## Simulating Multiple Asset Paths in MATLAB

This tutorial presents MATLAB code that generates multiple simulated asset paths which may be used in the Monte-Carlo approach to pricing options as discussed in the Monte-Carlo Methods tutorial. A tutorial for Generating Correlated Asset Paths in MATLAB is also available.

Note that the primary purpose of the code presented here is to show how to efficiently generate multiple asset paths.

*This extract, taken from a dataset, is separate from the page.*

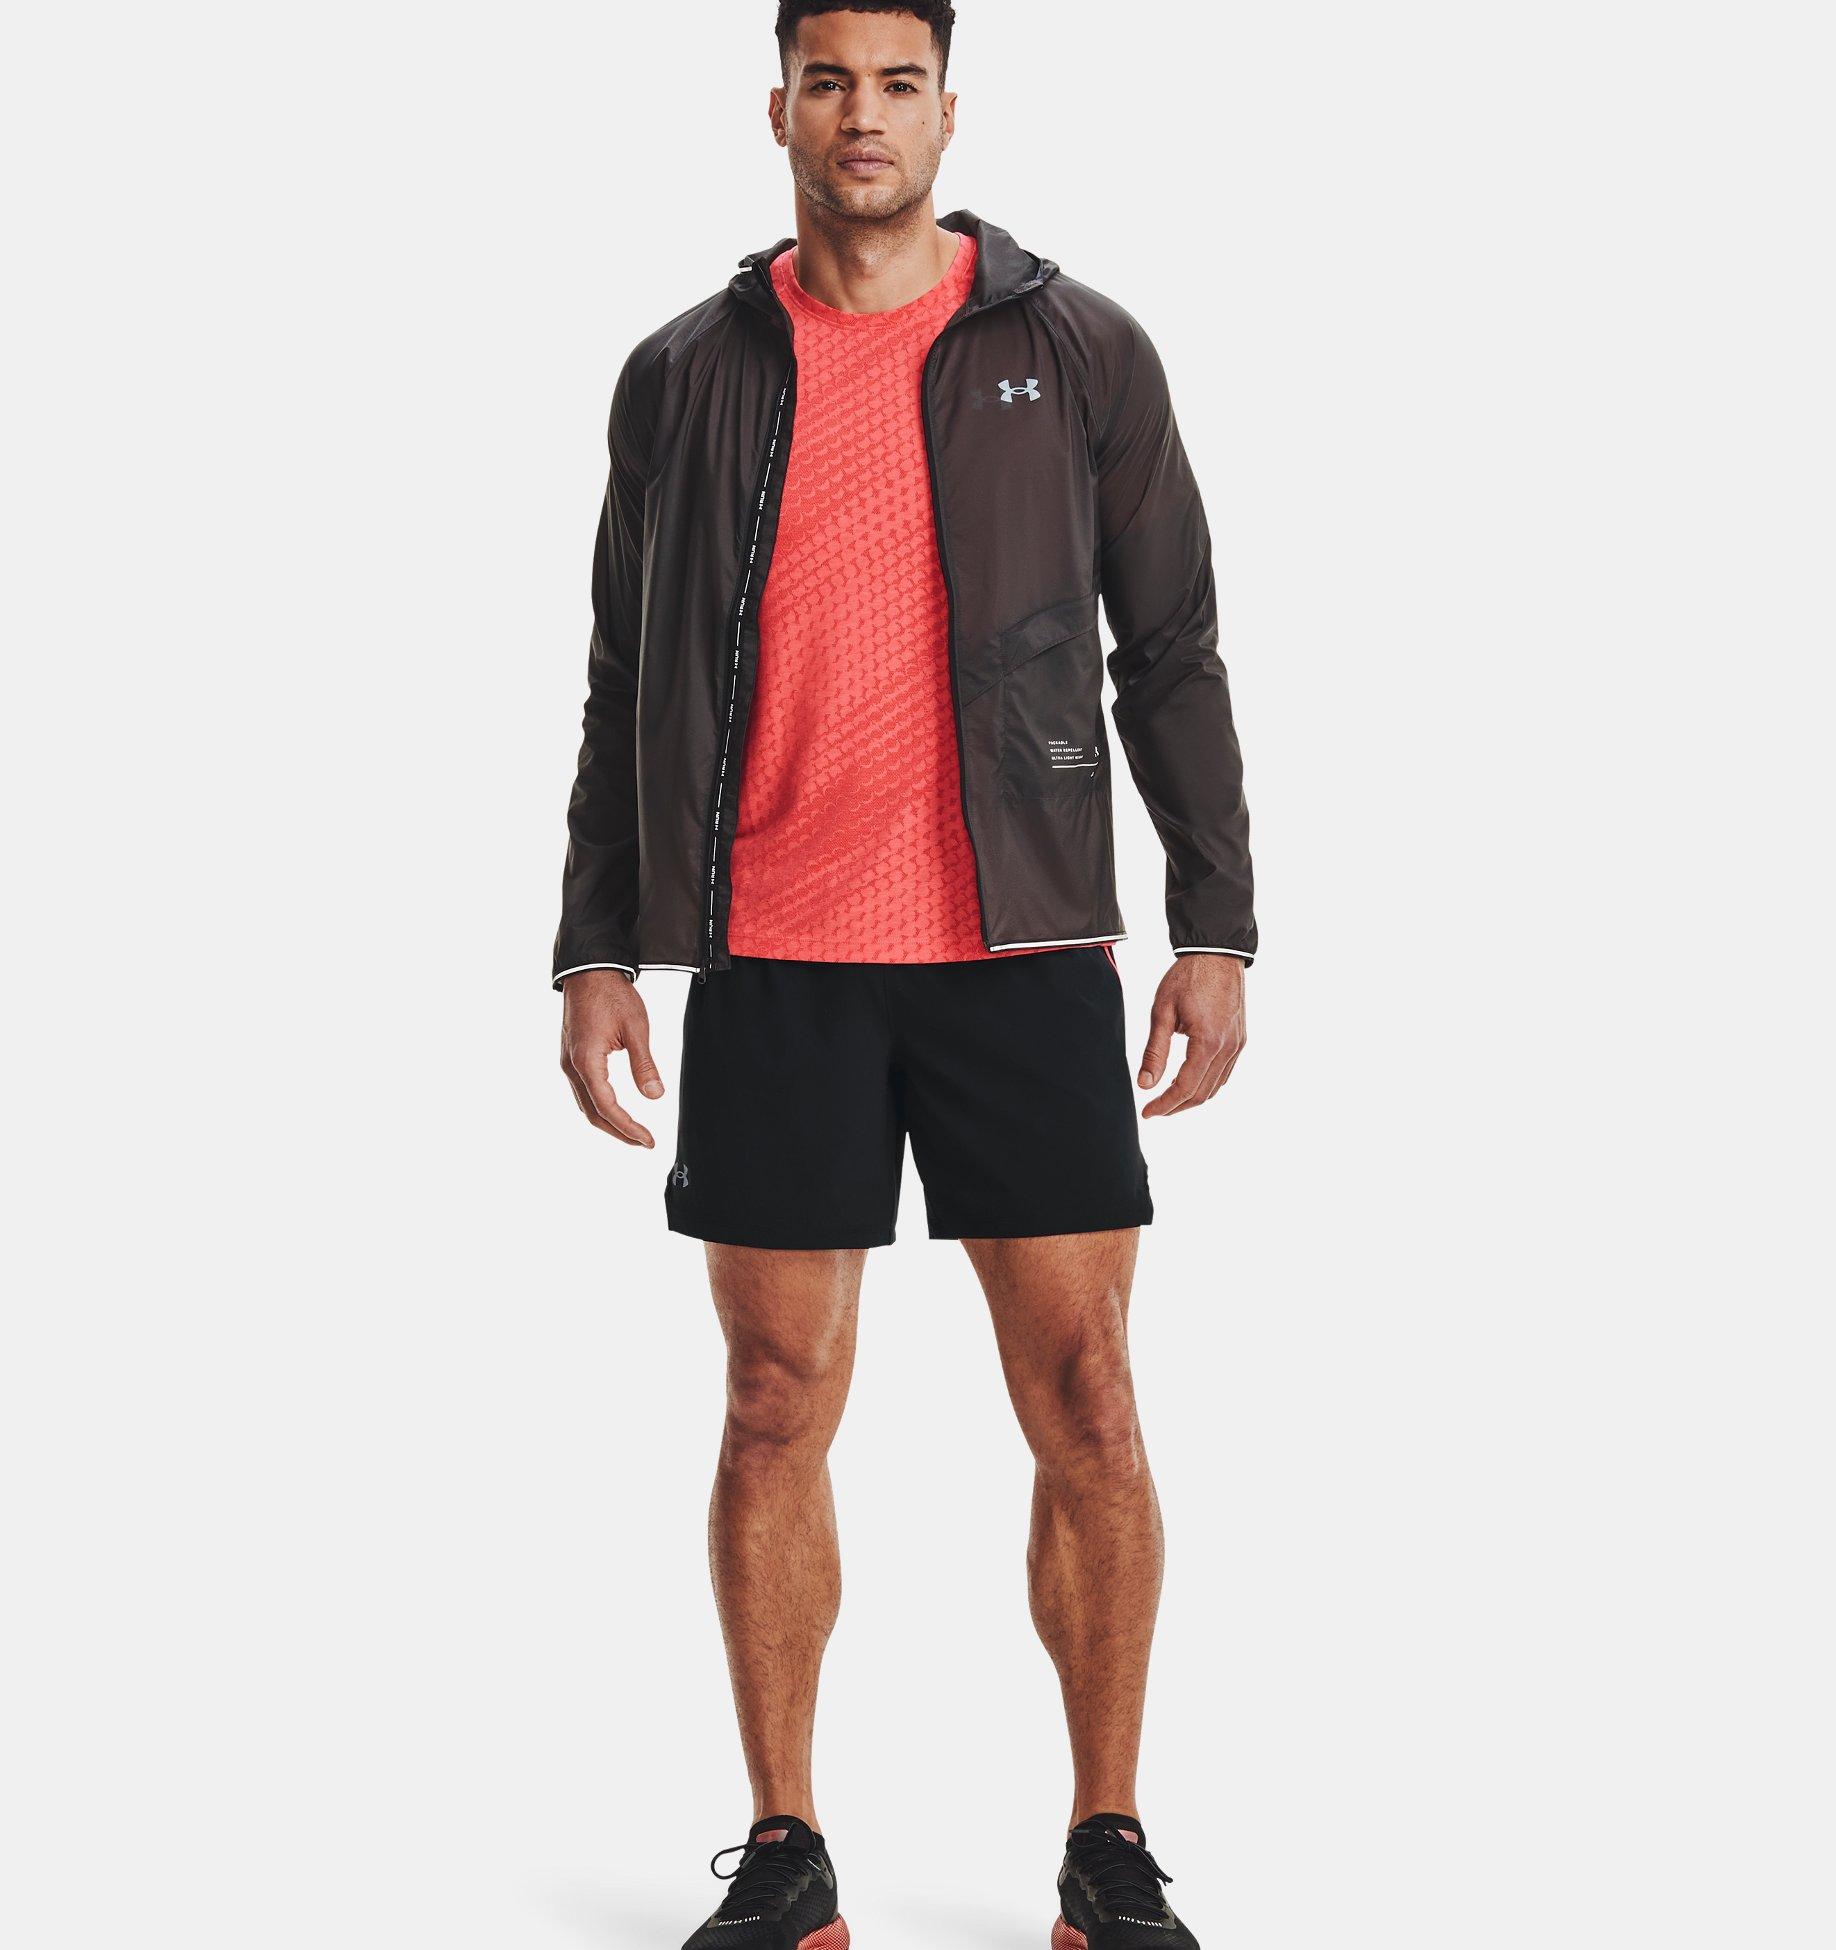 Underarmour Mens UA Qualifier Storm Packable Jacket

The code contains no error checking and as such it is not suitable for inclusion into a larger application without appropriate modifications.

### MATLAB Function: AssetPaths

The following is code for generating a user specified number of simulated asset paths assuming the asset follows the standard log-normal/geometric Brownian motion model, Equation 1: Stock Price Evolution Equation

```function S = AssetPaths(S0,mu,sig,dt,steps,nsims)
% Function to generate sample paths for assets assuming geometric
% Brownian motion.
%
% S = AssetPaths(S0,mu,sig,dt,steps,nsims)
%
% Inputs: S0 - stock price
%       : mu - expected return
%       : sig - volatility
%       : dt - size of time steps
%       : steps - number of time steps to calculate
%       : nsims - number of simulation paths to generate
%
% Output: S - a matrix where each column represents a simulated
%             asset price path.
%
% Notes: This code focuses on details of the implementation of the
%        Monte-Carlo algorithm.
%        It does not contain any programatic essentials such as error
%        checking.
%        It does not allow for optional/default input arguments.
%        It is not optimized for memory efficiency or speed.

% Author: Phil Goddard (phil@goddardconsulting.ca)
% Date: Q2, 2006

% calculate the drift
nu = mu - sig*sig/2;

% Generate potential paths
S = S0*[ones(1,nsims); ...
cumprod(exp(nu*dt+sig*sqrt(dt)*randn(steps,nsims)),1)];
```

### Example Usage

The following MATLAB code gives an example of how to use the function AssetPaths, including creating (and customizing) a plot showing the generated price paths.

```% Script to price an Asian put option using a Monte-Carlo approach.

S0 =50;       % Price of underlying today
X = 55;       % Strike at expiry
mu = 0.04;    % expected return
sig = 0.1;    % expected vol.
r = 0.03;     % Risk free rate
dt = 1/365;   % time steps
etime = 50;   % days to expiry
T = dt*etime; % years to expiry

nruns = 1000; % Number of simulated paths

% Generate potential future asset paths
S = AssetPaths(S0,mu,sig,dt,etime,nruns);

% Plot the asset paths
time = etime:-1:0;
plot(time,S,'Linewidth',2);
set(gca,'XDir','Reverse','FontWeight','bold','Fontsize',24);
xlabel('Time to Expiry','FontWeight','bold','Fontsize',24);
ylabel('Asset Price','FontWeight','bold','Fontsize',24);
title('Simulated Asset Paths','FontWeight','bold','Fontsize',24);
grid on
set(gcf,'Color','w');
```

The resulting plot is shown below, Figure 1: Multiple Monte-Carlo Generated Price Paths

An example of using the function AssetPaths to price Asian options is given in the Pricing an Asian Option in MATLAB tutorial.